Betty Lombard
- Full name: Elizabeth Ann Lombard
- Country (sports): Republic of Ireland
- Born: c. 1920
- Died: March 1984 (aged 63–64) Dublin
- Turned pro: 1940 (amateur)
- Retired: 1960

Singles
- Career titles: 15

Grand Slam singles results
- Wimbledon: QF 1948

= Betty Lombard =

Irish tennis player

Betty Lombard (c. 1920 – March 1984) was an Irish tennis player who was a quarter finalist in the women's doubles at the 1948 Wimbledon Championships, and reached the Women's Plate final at Wimbledon, in 1953.

==Career==
Betty Lombard was born Elizabeth Ann Lombard around 1920. She lived on Anglesea Road, Dublin. She took up tennis, first playing at the Anglesea Tennis Club, and later with the Lansdowne Lawn Tennis Club. She won the singles title at the East of Ireland Championships 12 times. Lombard won the singles at the Irish Championships in 1941, 1943, and 1951. With Mary Fitzgibbon (née Nichols), Lombard played in the doubles quarter-final on the Centre Court at Wimbledon in 1948. She won the Irish Championships women's doubles title in 1951 with Fitzgibbon.
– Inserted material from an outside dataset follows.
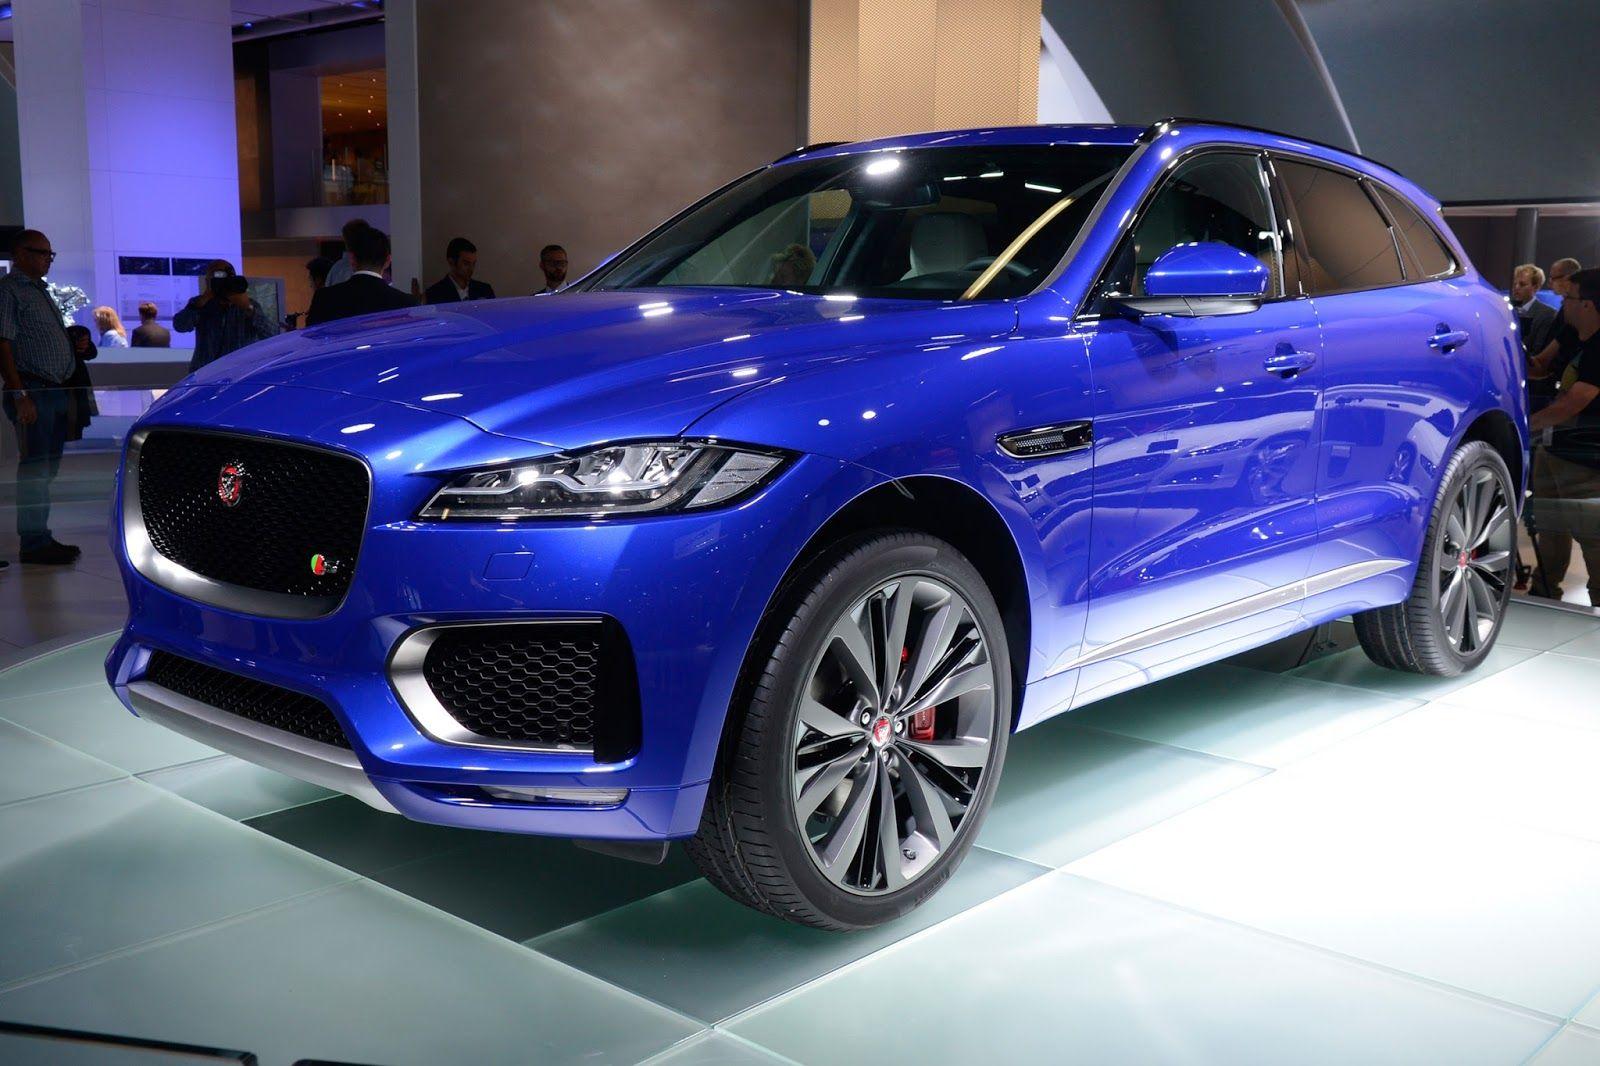 Indonesia will be launching SUV Jaguar (Dengan gambar) Suv
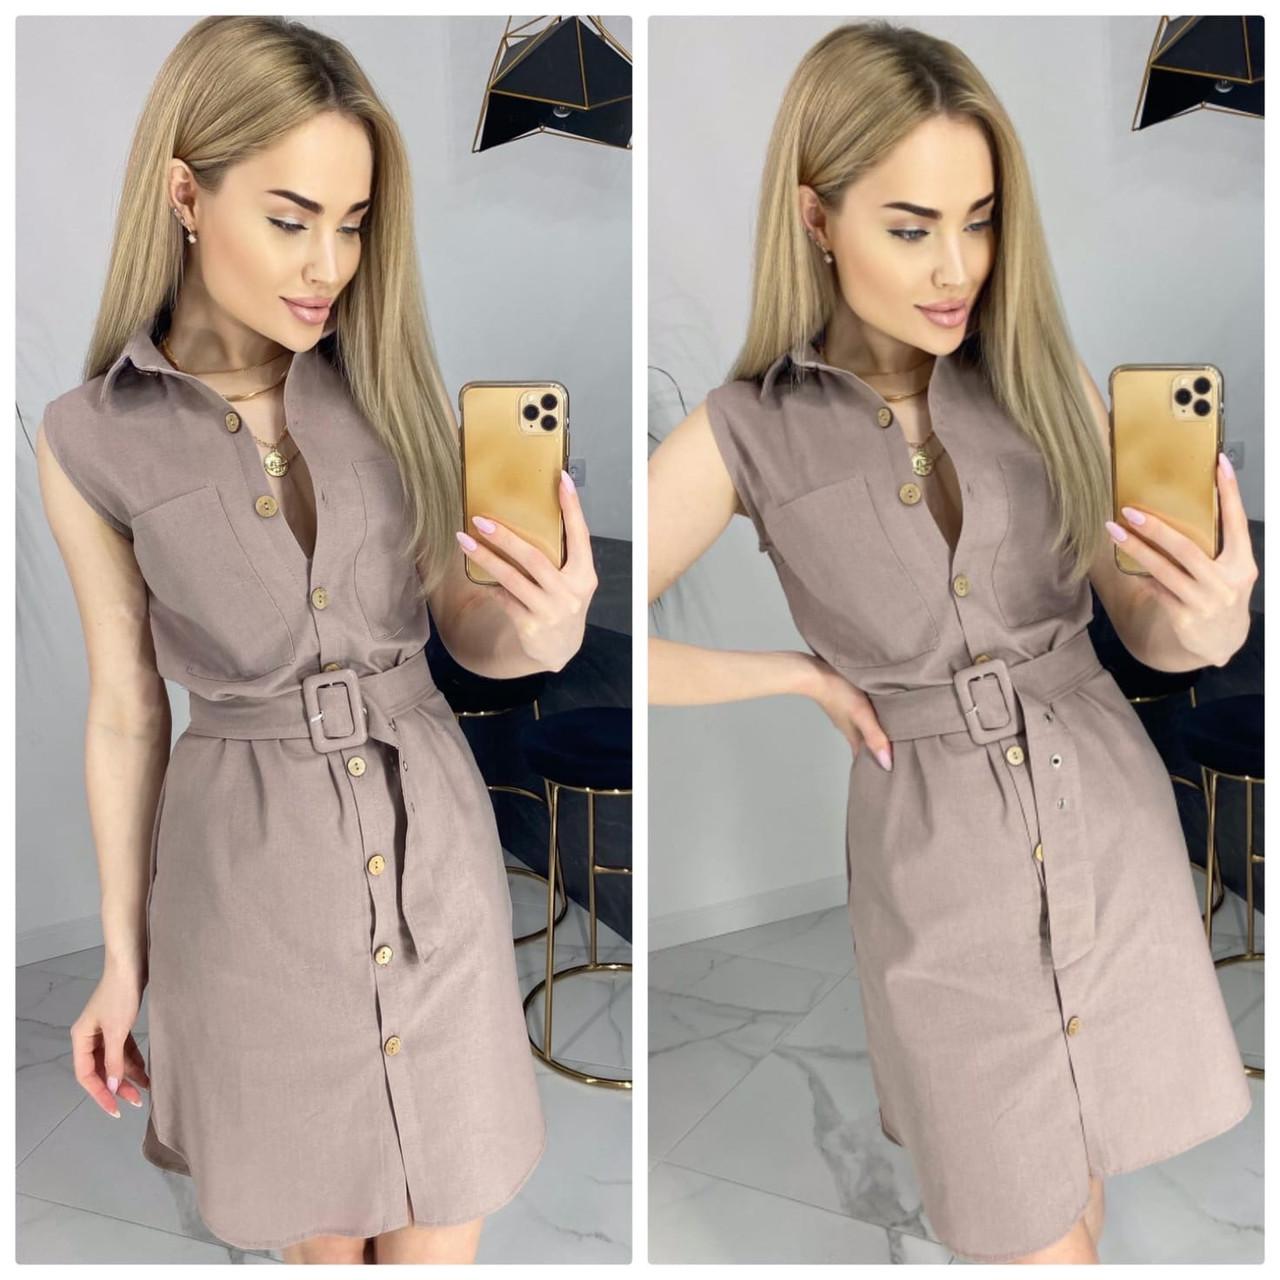 Платье-рубашка длиною до середины бедра без рукавов

In 1953, Lombard played in the Women's Plate final at Wimbledon.

Lombard ran a typing and secretarial school on Harcourt Street, Dublin. After her playing career, Lombard helped with the administration of the Leinster Championships for the juniors and the East of Ireland Championships, both at the Landsowne Lawn Tennis Club. Lombard died in Dublin in March 1984.

In 2017, the Lansdowne Lawn Tennis Club named their new function room the "Betty Lombard Room".